Hi Guys- need some help. I have a 1968 GTO that was built in Fremont. When I purchased the car, the original motor was included in the deal. 9790071 YS. I have that motor on a stand preparing for rebuild. The car came with a running motor in it. Here’s the catch: it’s a block code 9799914 YD. I have the Pontiac casting # book and can’t find that motor. It’s currently got the #16 heads and 4bbl intake from the original motor on it. Is this block a ghost? I’m pretty sure it’s a 70 casting.


----------



## BLK69JUDGE (Jun 10, 2010)

going from memory

1970
290 hp
4 bolt block
2 bolt caps

good engines .... 1 year casting


----------



## Bill E (Apr 14, 2011)

I get it that you’re going by memory but I can’t find it anywhere. What makes you sure?


----------



## bigD (Jul 21, 2016)

Yeah, a '70 YD is a 290hp 2-barrel 400.

Just type in YD, on the engine code line.

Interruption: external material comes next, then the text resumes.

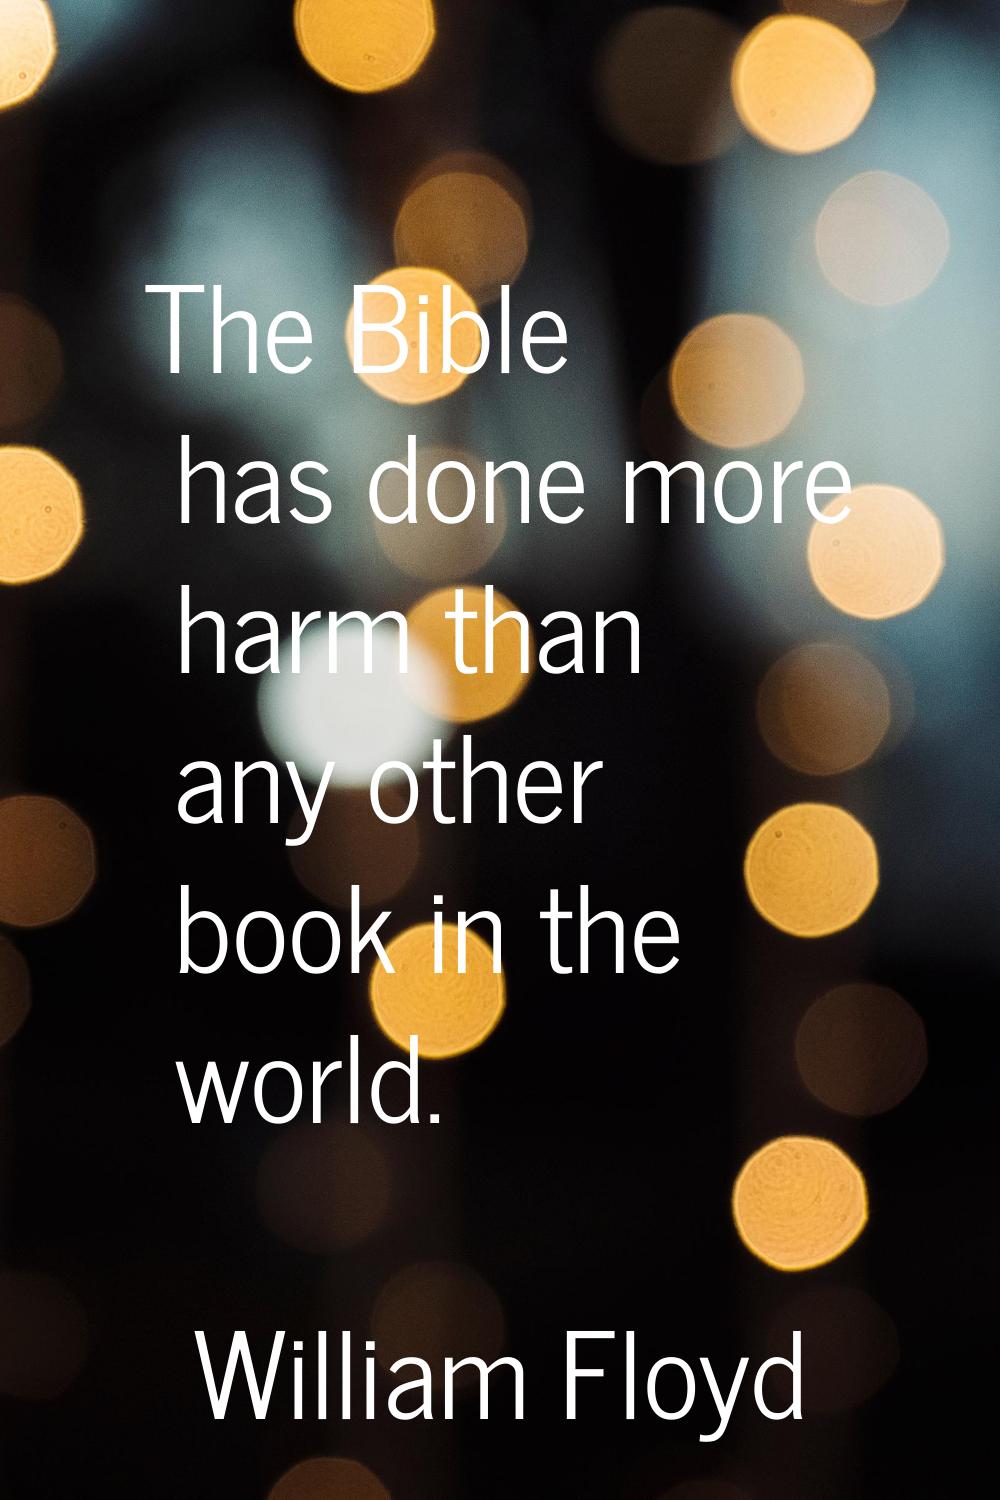 The Bible has done more harm than any other book in the world.

Wallace Racing's Pontiac Engine Search


----------



## Bill E (Apr 14, 2011)

After going through the Pontiac casting # book, 9799914 is a 1970 casting. I see a couple RAIII engines in Firebird and GTO with that casting # and 4 bolt main caps. Those are only in California engines which this engine is. ( Z code) I see lots of Grand Prix’s, Tempest, and Catalina’s with that casting # and 2bolt mains.


----------



## Bill E (Apr 14, 2011)

If casting # 9799914 was used for 1970 RAIII engines with 4-bolt mains, does that mean all # 9799914 castings are drilled and tapped for 4-bolt mains? This motor might be worth something.


----------



## bigD (Jul 21, 2016)

Lots of Pontiac engines were drilled & tapped for 4-bolt caps, but came with 2-boit caps.

All the '70-'74 455's I built to race were that way. 

If you run 2-bolt caps, the webs would be stronger if those extra holes were not drilled. 

Some buy 4-bolt caps & have the block line honed or bored. 

Some recommend putting bolts in the empty holes, to add a little strength, I suppose. I never had any block problems, at the 400hp/500 torque level.


----------